Imagine a scenario where a product manager’s question is vague or incomplete; the agent proactively asks clarifying questions. If there is no response, it applies reasonable default values to advance the work. For example, if a user asks about business growth without specifying a date range, it might assume the last seven or thirty days. This allows the agent to maintain a dialogue while collaborating with users to achieve more accurate results.

To prevent the ever-evolving agent from going off track during the learning process, the OpenAI team employs the Evals API to provide a strict overseer for the agent.

The Evals API is paired with manually written, gold-standard query statements for each important question, continuously monitoring and scoring the agent’s performance.

These evaluations check not only the correctness of SQL syntax but also compare the accuracy of result data. When the agent “misbehaves”, the system immediately raises an alarm, ensuring that issues are identified and resolved before impacting users.

Regarding data security, the agent stipulates that users can only query tables they have permission to access. When access rights are missing, it will flag this or revert to alternative datasets that the user is authorized to use.
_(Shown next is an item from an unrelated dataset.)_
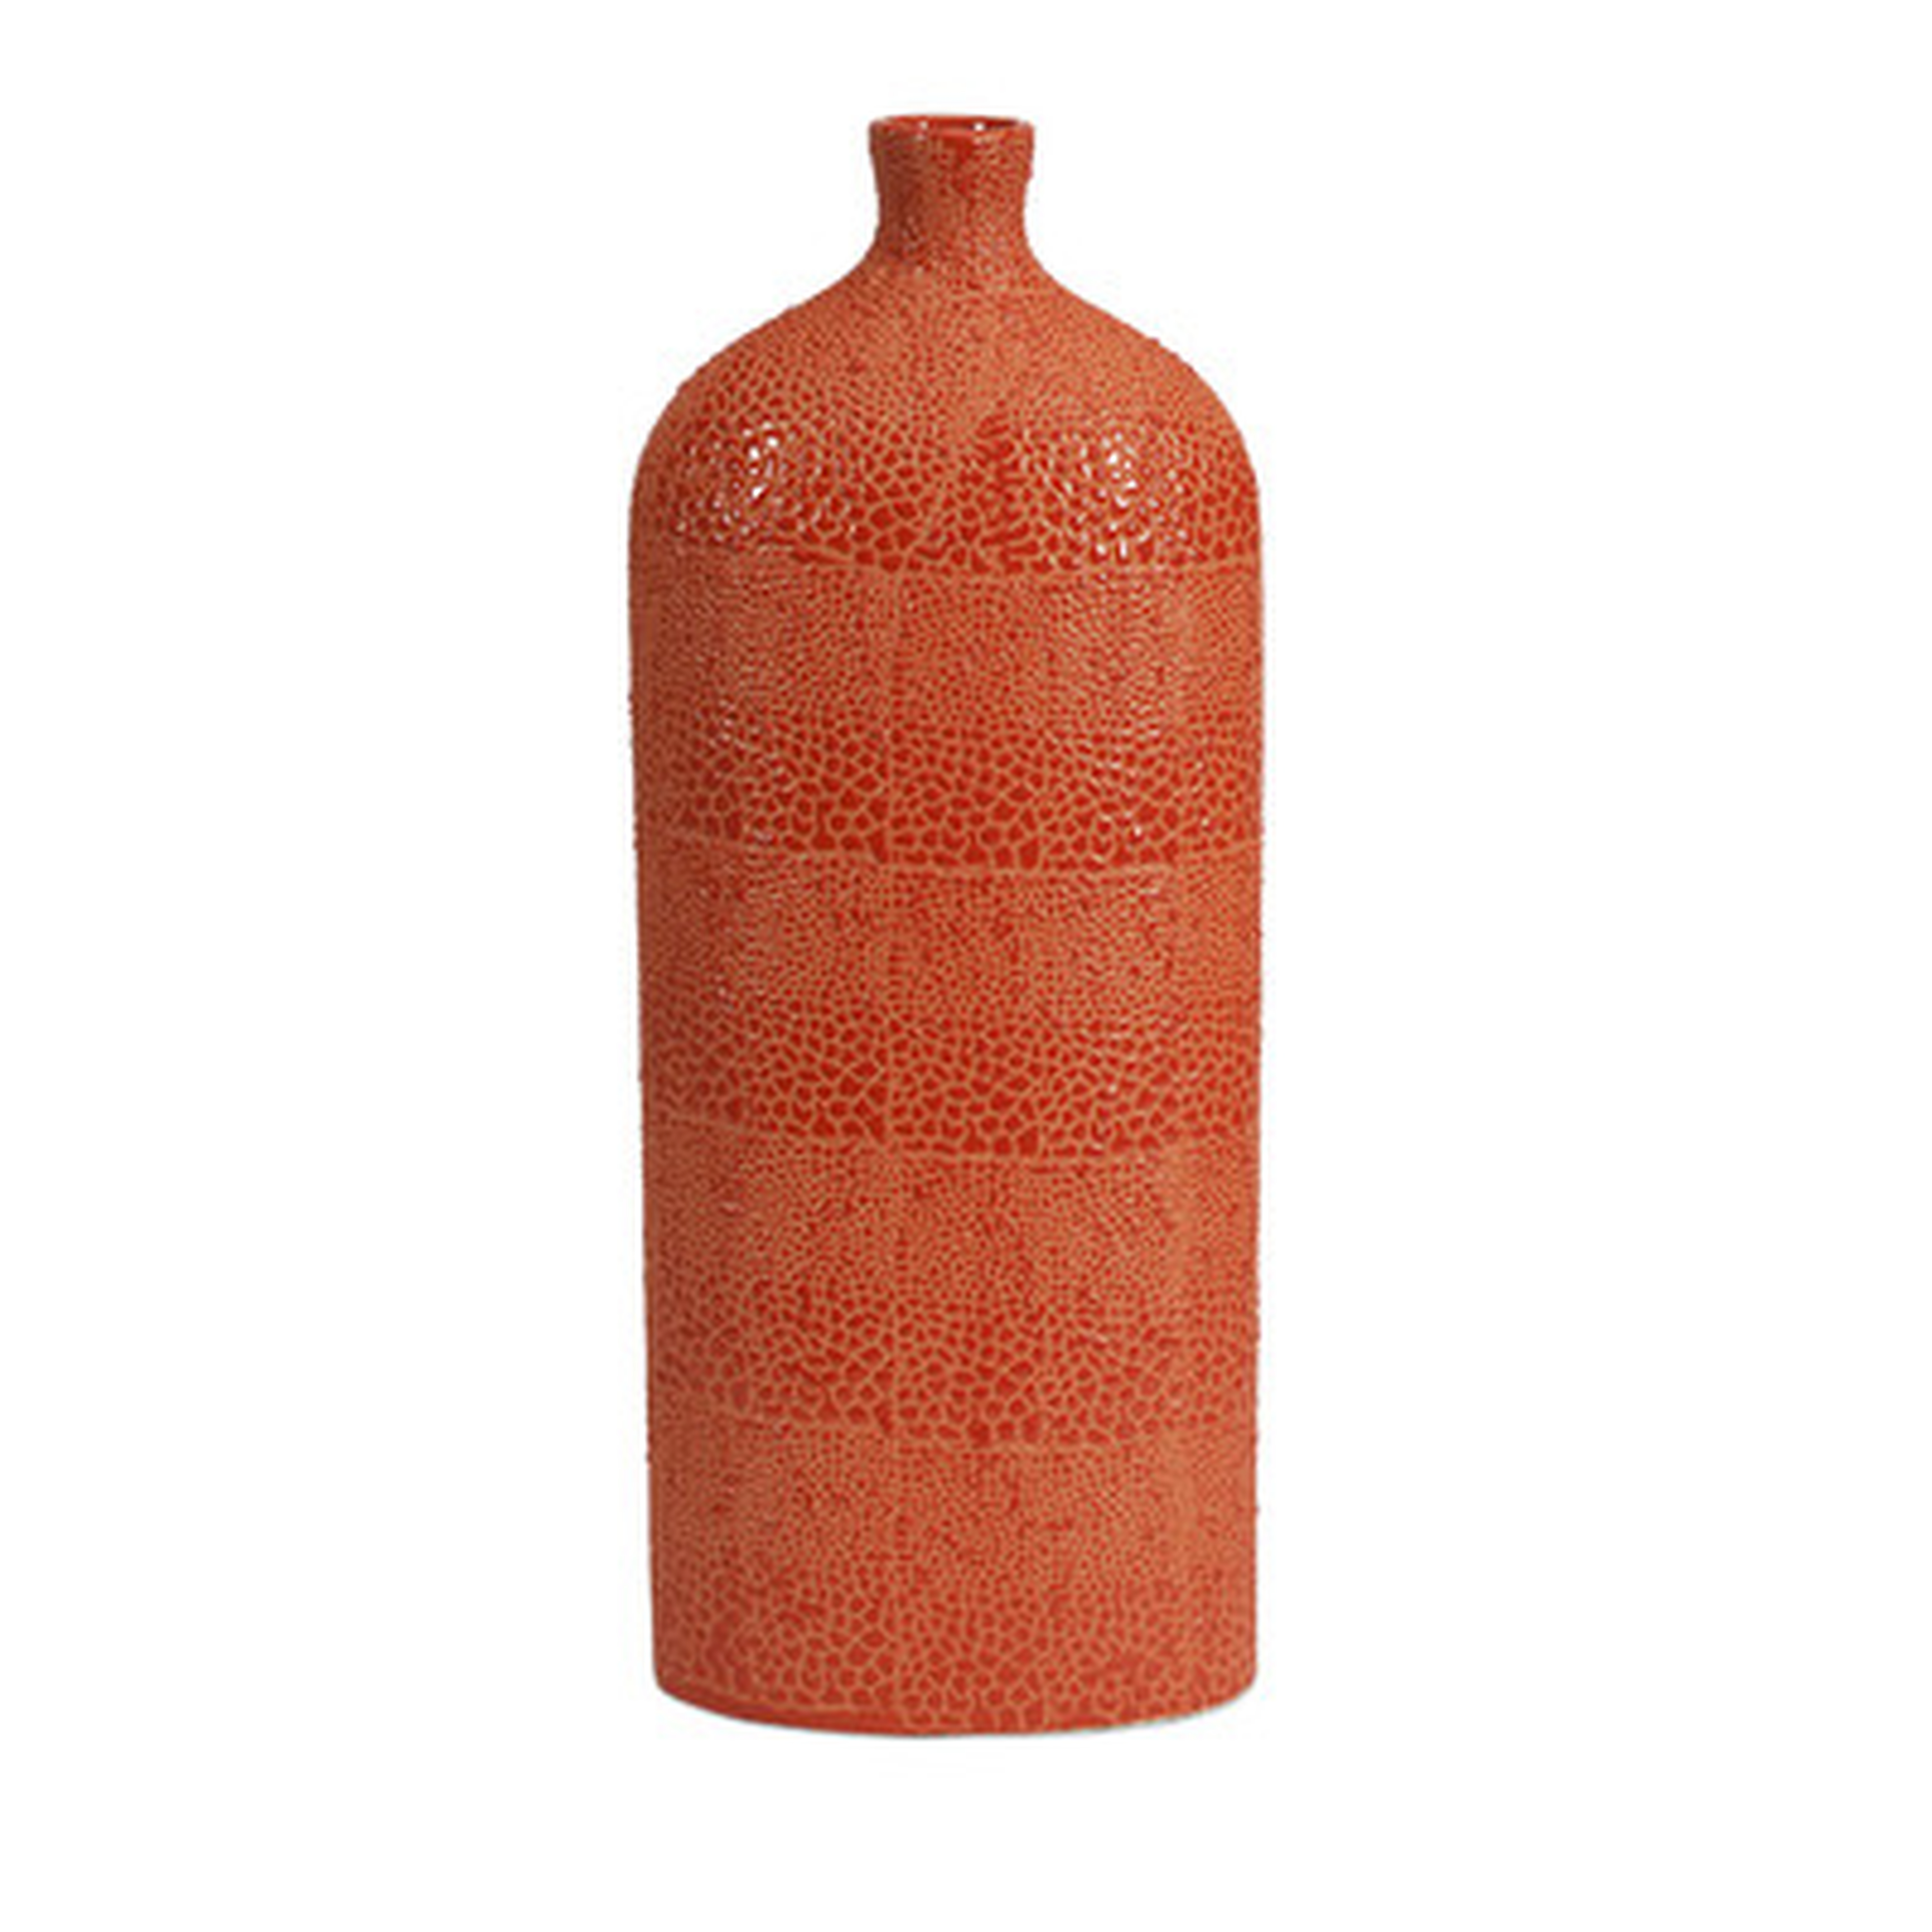 Soren Large Vase - AllModern

To ensure transparency in the data analysis process, the agent summarizes assumptions and execution steps next to each answer to expose its reasoning process. When a query is executed, it directly links to the underlying results, allowing users to inspect the raw data and verify each step of the analysis.

How to Build a Data Analysis Intelligent Agent

OpenAI’s data analysis agent is not open-source, but if you want to build a similar agent, OpenAI’s engineers have shared some pitfalls they encountered.

Initially, the agent had access to the complete dataset, but this quickly led to confusion among overlapping data tables. To reduce ambiguity and improve reliability, developers had to restrict the tables the agent could access, thereby enhancing query reliability.

Another pitfall arose from the highly standardized system prompts provided by developers. While many questions share similar analytical shapes, the variations in details can be significant enough that rigid instructions can backfire. Focusing on the actual effects in real-world usage, allowing the agent rather than system-level prompts to determine how to achieve results, can make the agent more robust and yield better outcomes.

The most critical insight is realizing that the true meaning of data lies in the code rather than in expert annotations of data tables. Query history more accurately describes the shape and usage of tables, capturing assumptions and business intents that may never surface in SQL or metadata. By using Codex to crawl the codebase, the agent can understand how datasets are actually constructed and better infer what each table truly contains. This approach can answer questions like “What is in this table?” and “When can I use it?” more accurately than merely retrieving information from the data warehouse.

As enterprise data environments become increasingly complex, tools like OpenAI’s data agent may become standard configurations for future enterprise data analysis, driving the entire industry towards a more efficient and intelligent data-driven decision-making paradigm.

The goal of these agents is not to replace data analysts but to enhance their capabilities, freeing them from tedious query writing and debugging to focus on higher-level definitions of metrics, hypothesis validation, and data-driven decision-making.